No Dia Mundial do Ambiente (5 de junho), que este ano tem como tema “o Restauro da Terra, Desertificação e Resiliência à Seca”, a Smart Cities desafiou três associações ambientais a traçar um retrato da situação atual e a perspetivar os desafios do futuro.
Francisco Ferreira, da Zero, Alexandra Azevedo, da Quercus, e Bianca Mattos, da ANP|WWF, dizem que ainda há muito por fazer em matéria ambiental, dão exemplos concretos e exigem coragem política para inverter a situação e dar força à transição energética.

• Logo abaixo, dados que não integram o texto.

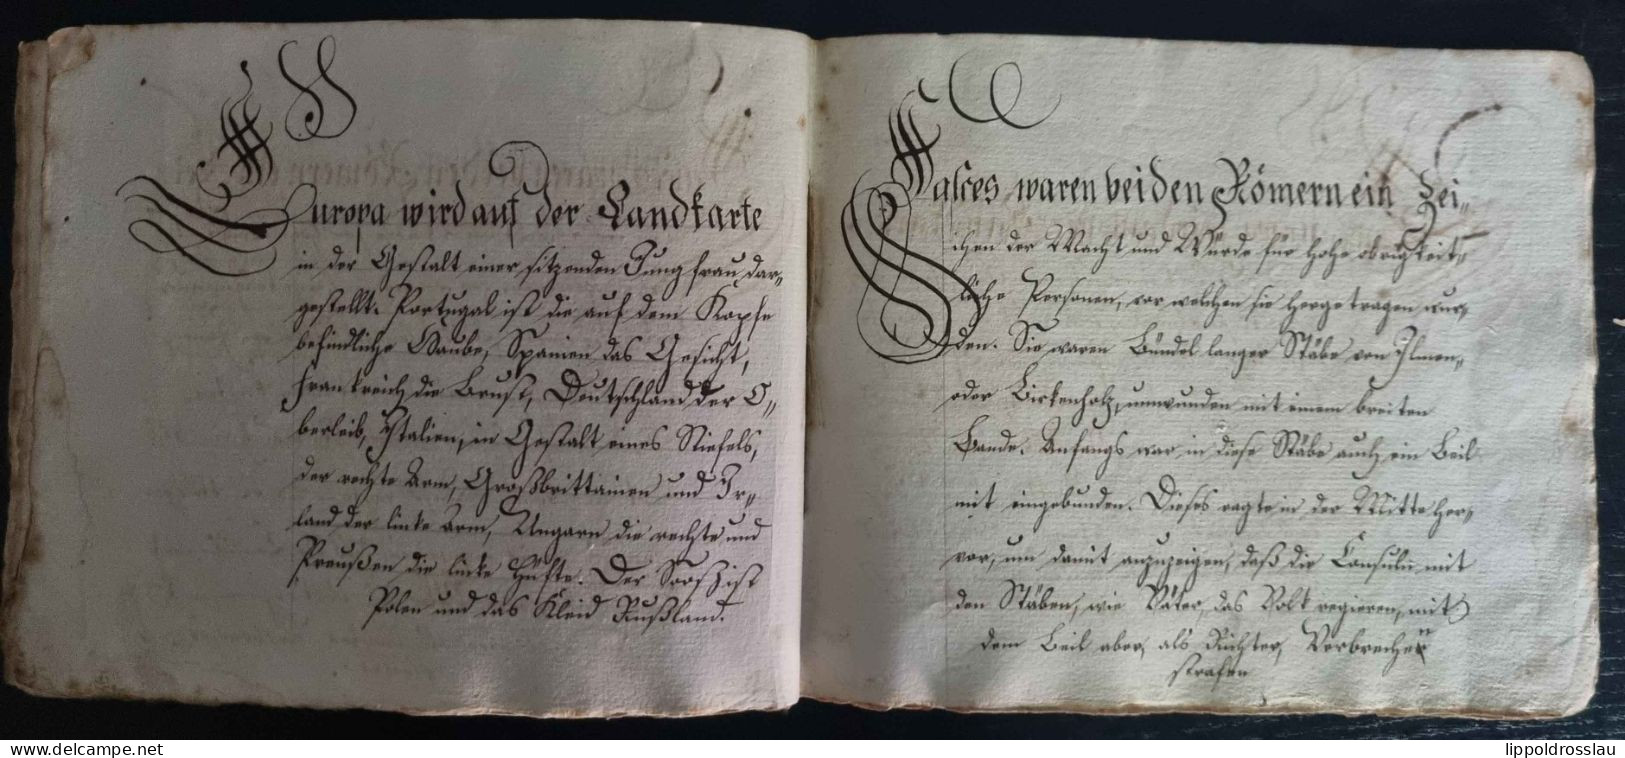 Schreibe-Buch der Sonntagsschule für Sonntag 12. Februar 1837, Bütten handgeschrieben auf 44 Seiten, hoch interessanter

Francisco Ferreira – Presidente da Zero
Portugal tem vindo a diminuir a emissão de gases com efeito de estufa, mas continua muito dependente das energias fósseis. Qual a melhor forma de inverter esta realidade?
A prioridade tem de ser a eficiência energética, porque se reduzirmos as nossas necessidades energéticas obviamente que vai ser mais fácil atingirmos as metas daquilo que é fundamental na transição energética: a aposta nas fontes de energia renovável. Portanto, diria que esta realidade se inverte evitando o desperdício, por um lado, e obviamente, fazendo uma aposta diversificada em fontes de energia renovável, que podem ser utilizadas diretamente na produção de eletricidade, ou também para outros fins, como seja, por exemplo, a produção de hidrogénio, ou os gases renováveis, como o biometano, que podem substituir o gás natural fóssil.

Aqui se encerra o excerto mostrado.